Dalla frase del Pepe si evince che era convinzione comune che al Murat era stato tagliato dopo la morte il capo e che esso era custodito in un vaso sotto spirito nella reggia di Ferdinando.

La testimonianza precisa  e reiterata di Guglielmo Pepe contrasta chiaramente con la tesi sostenuta da Ettore Capialbi e piuttosto diffusa.

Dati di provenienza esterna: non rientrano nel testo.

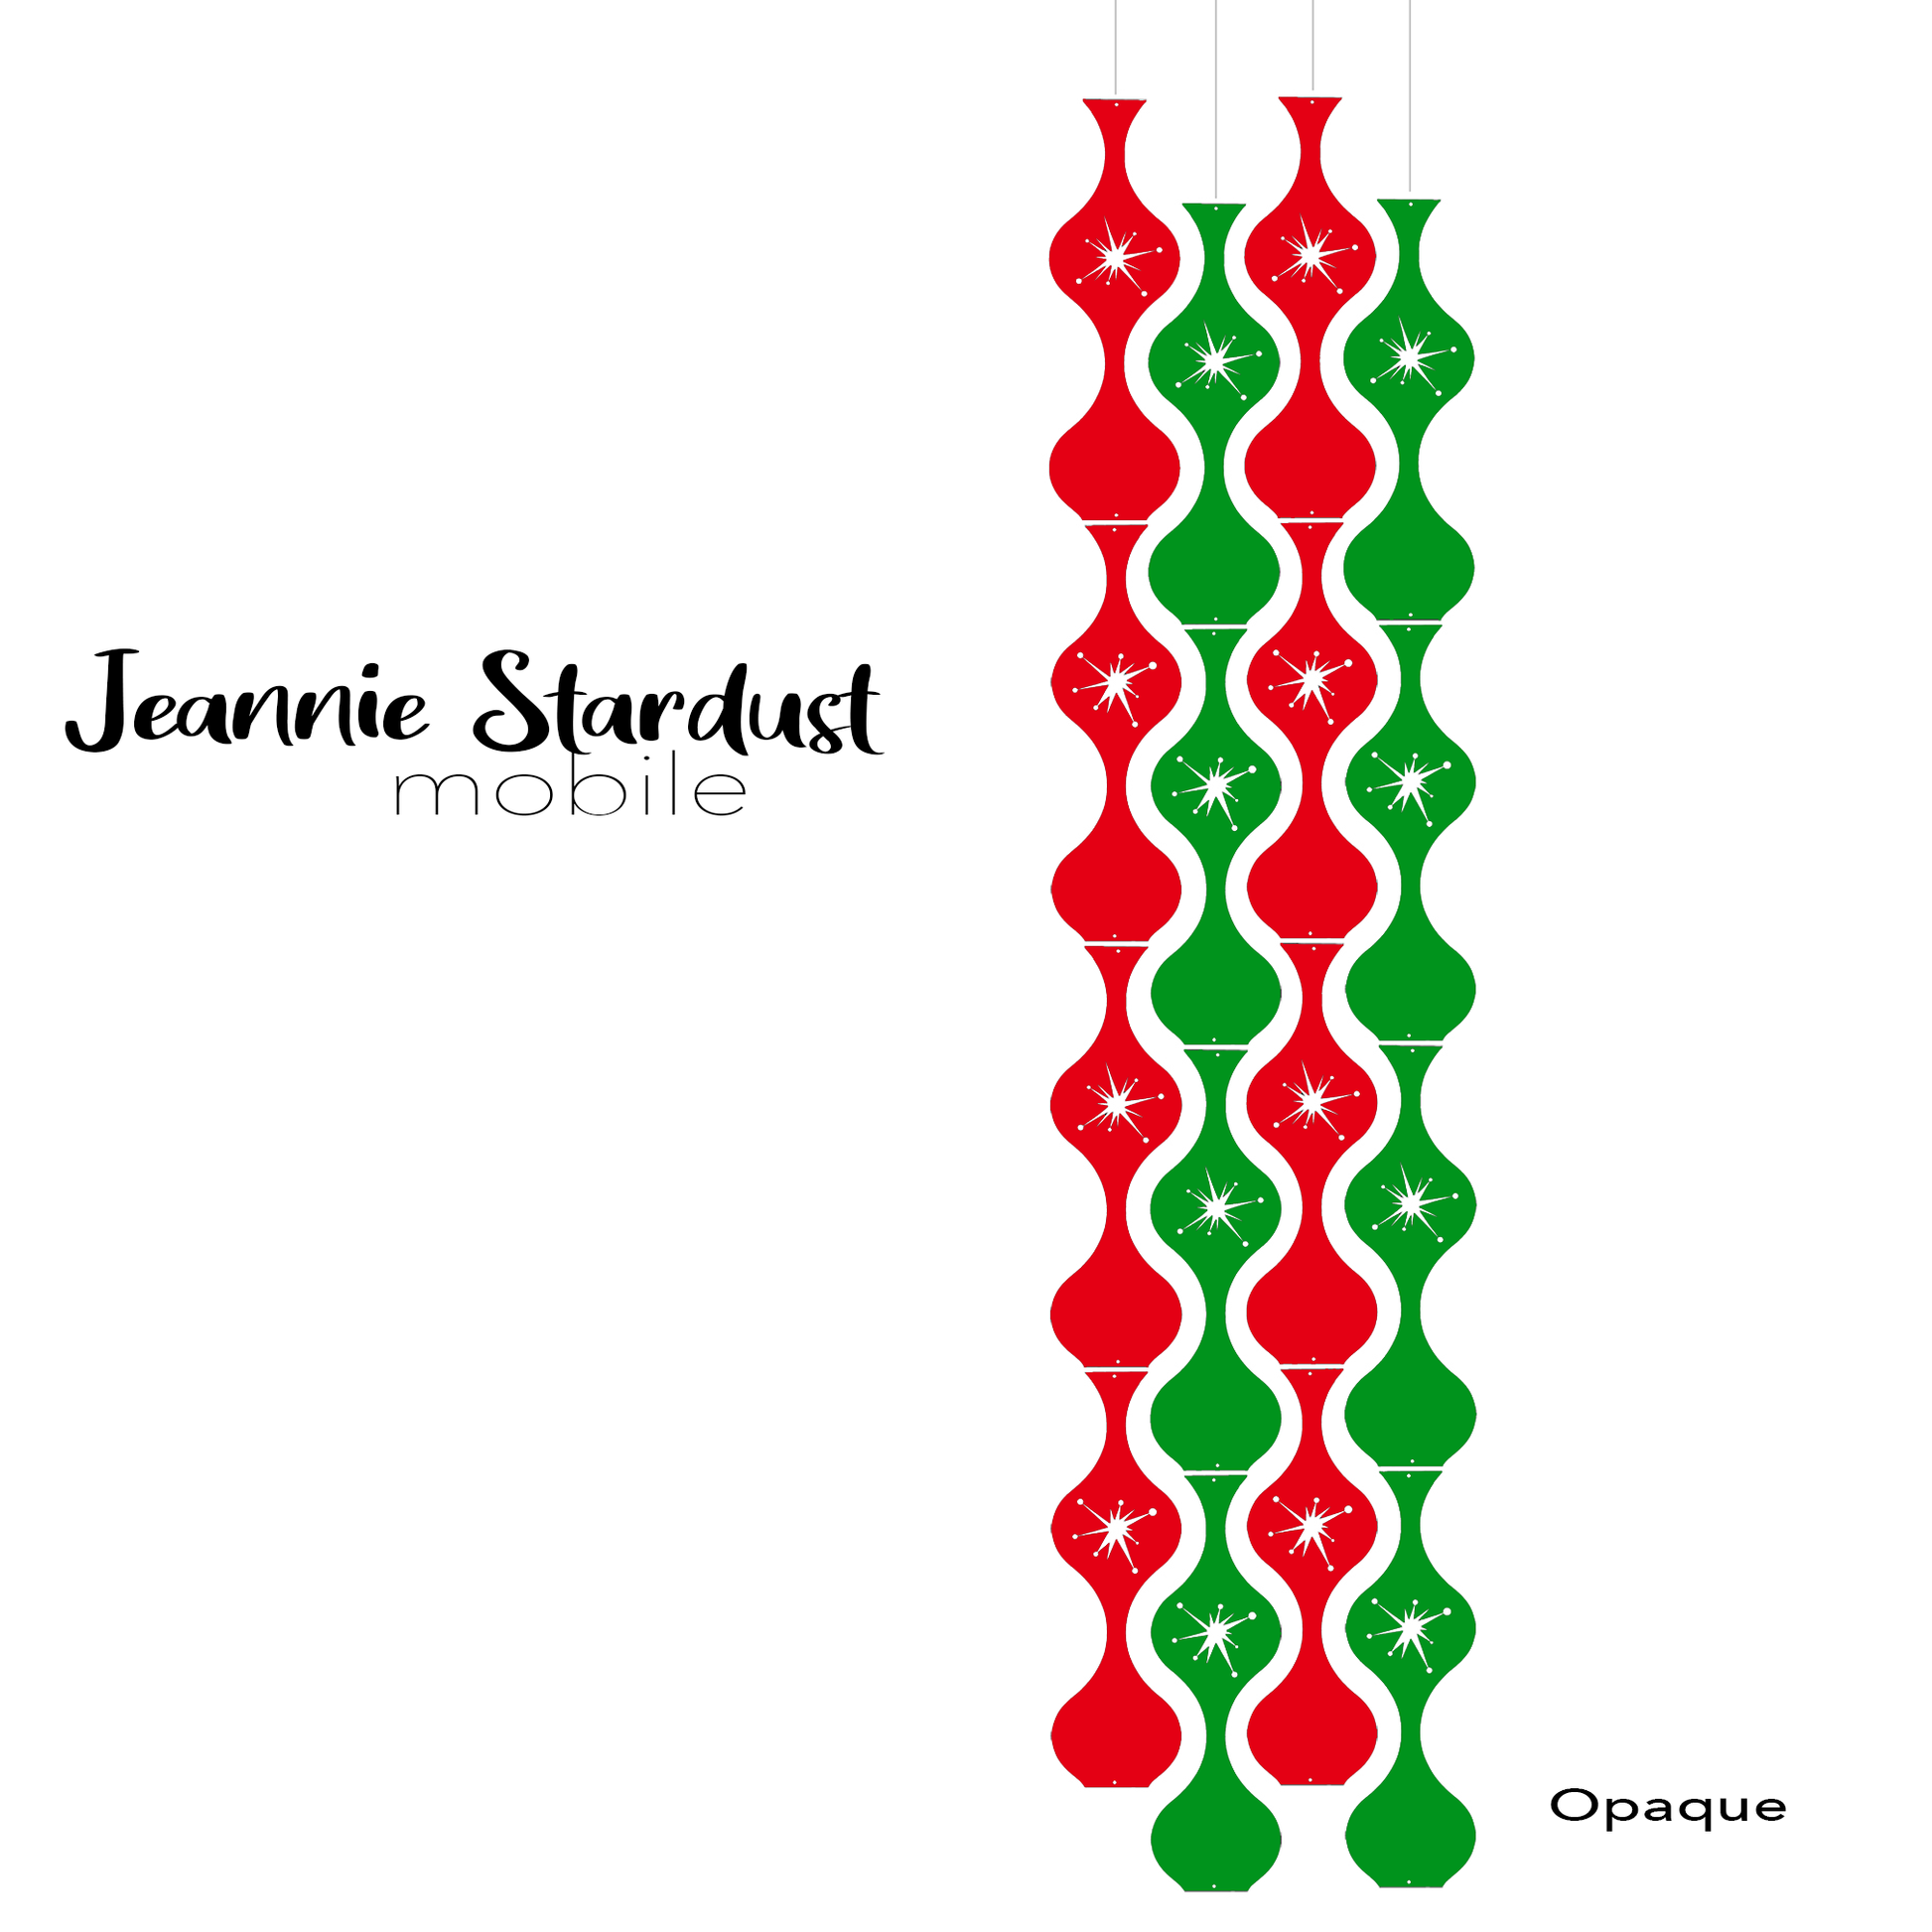 Jeannie Stardust Opaque Red and Green Acrylic Mobile - DIY Kit - Featuring Starburst cutouts in the parts by AtomicMobiles.com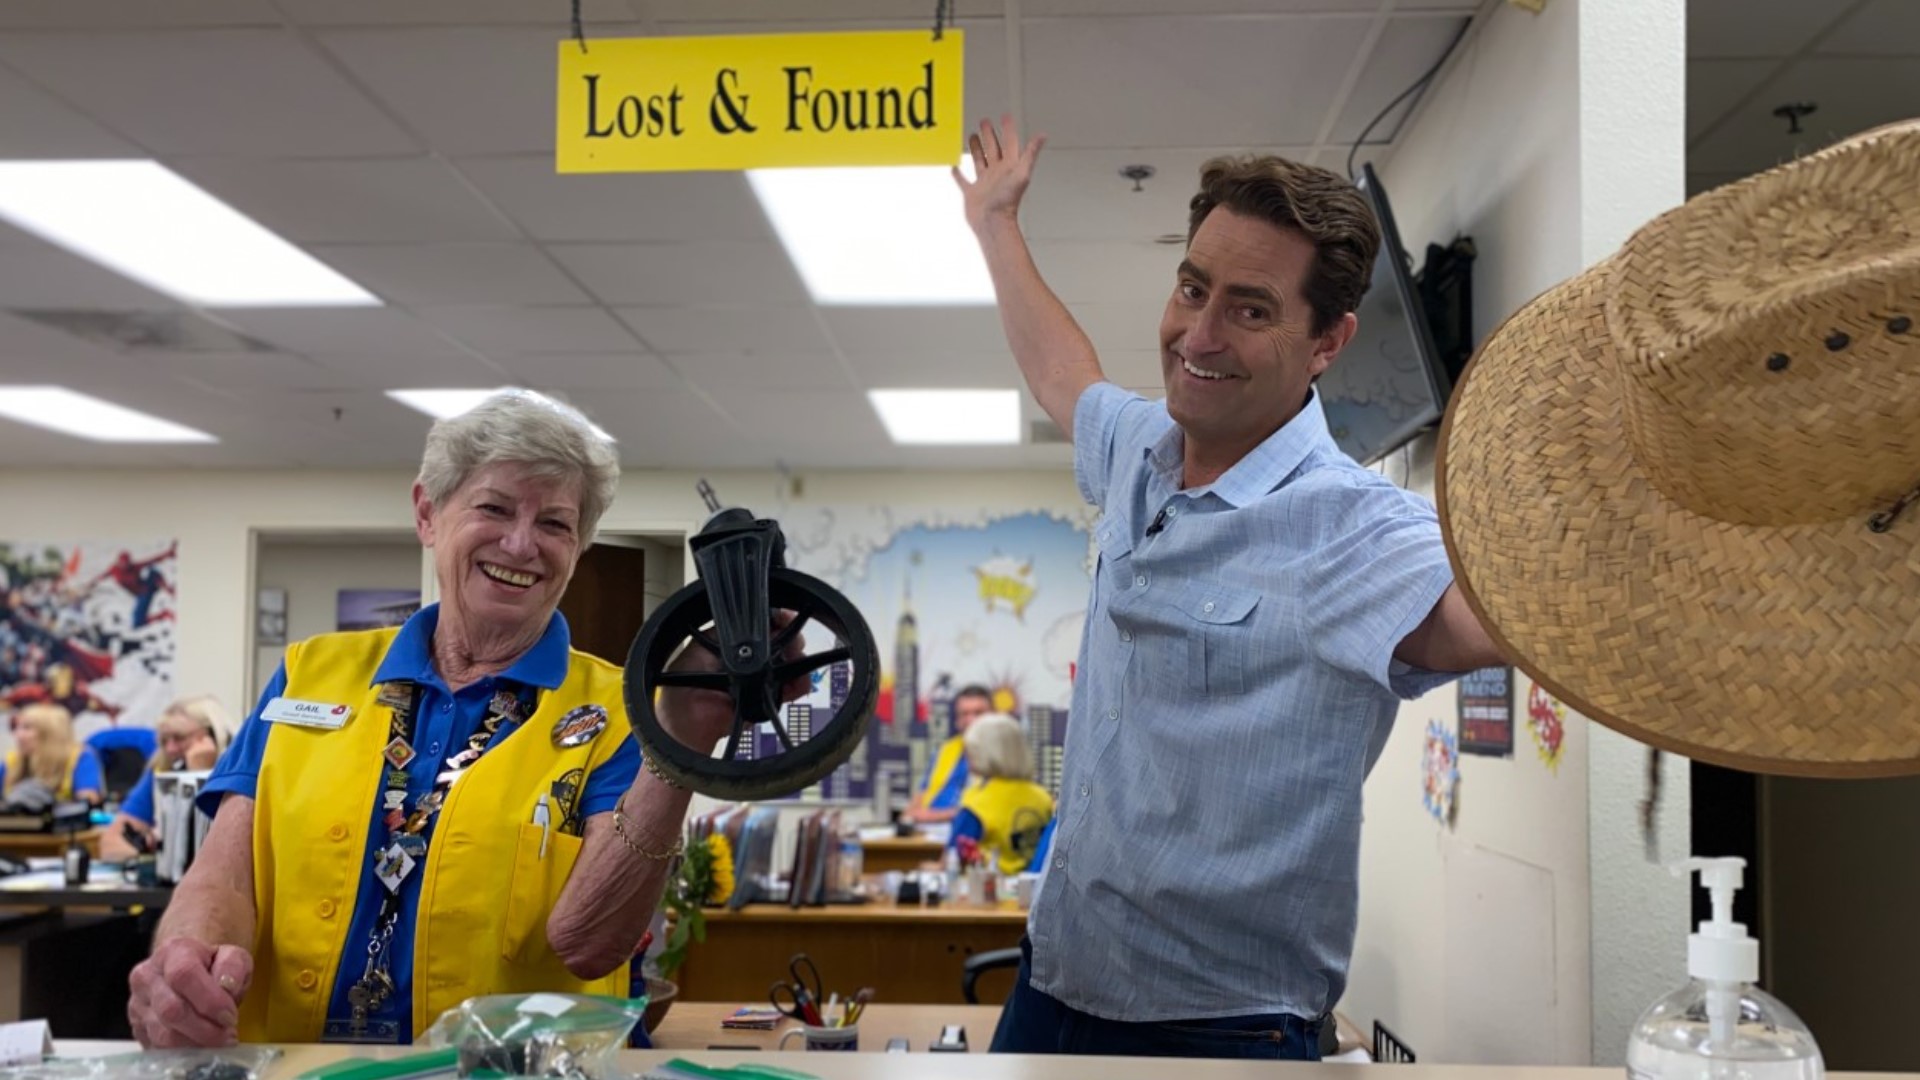 1960 Hoover Grad's Lost Purse Found, Family Finds Treasures Inside -  News-Talk 1480 WHBC

Decreto di condanna stampato a Monteleone

Alcuni decenni prima dell’apparizione del libro di Capialbi, si era occupato della questione anche Alessandro Dumas nel volume Storia dei Borboni di Napoli – p. Napoli 1864, pag. 299. Ecco quanto scriveva il Dumas: «Narra la tradizione, senza che noi garantiamo il fatto, che il capo di Murat fu troncato e spedito al re Ferdinando perché se qualche falso Murat si presentasse […] gli si potesse mostrare la testa del vero. Quel teschio era, dicesi, conservato in un boccale di acquavite, in un armadio segreto di re Ferdinando: morto il re, sarebbe stato trasportato nel palazzo della vecchia prefettura di polizia, poco lontano dal comando della piazza, che fu rifatto nel 1849. In quell’anno ritrovassi infatti un capo umano in un vaso deposto in una nicchia segreta scavata nel muro. Un commissario di polizia a nome Campobasso fu spedito sul luogo, e mentre teneva in mano quel capo, il pavimento sprofondò, e Campobasso si fiaccò le gambe ed il capo nella caduta e morì pochi giorni dopo. Napoli intera parlò di questo fatto e susurrossi che quel teschio fosse quello del re Gioacchino».

Lo scrittore Francese non prende posizione contro la veridicità del fatto; non la ammette ma nemmeno la esclude.

Ma la risoluta testimonianza di Guglielmo Pepe (non ignoravasi) fa propendere nettamente per la veridicità del fatto, e la sua parola sulla questione è certamente assai autorevole.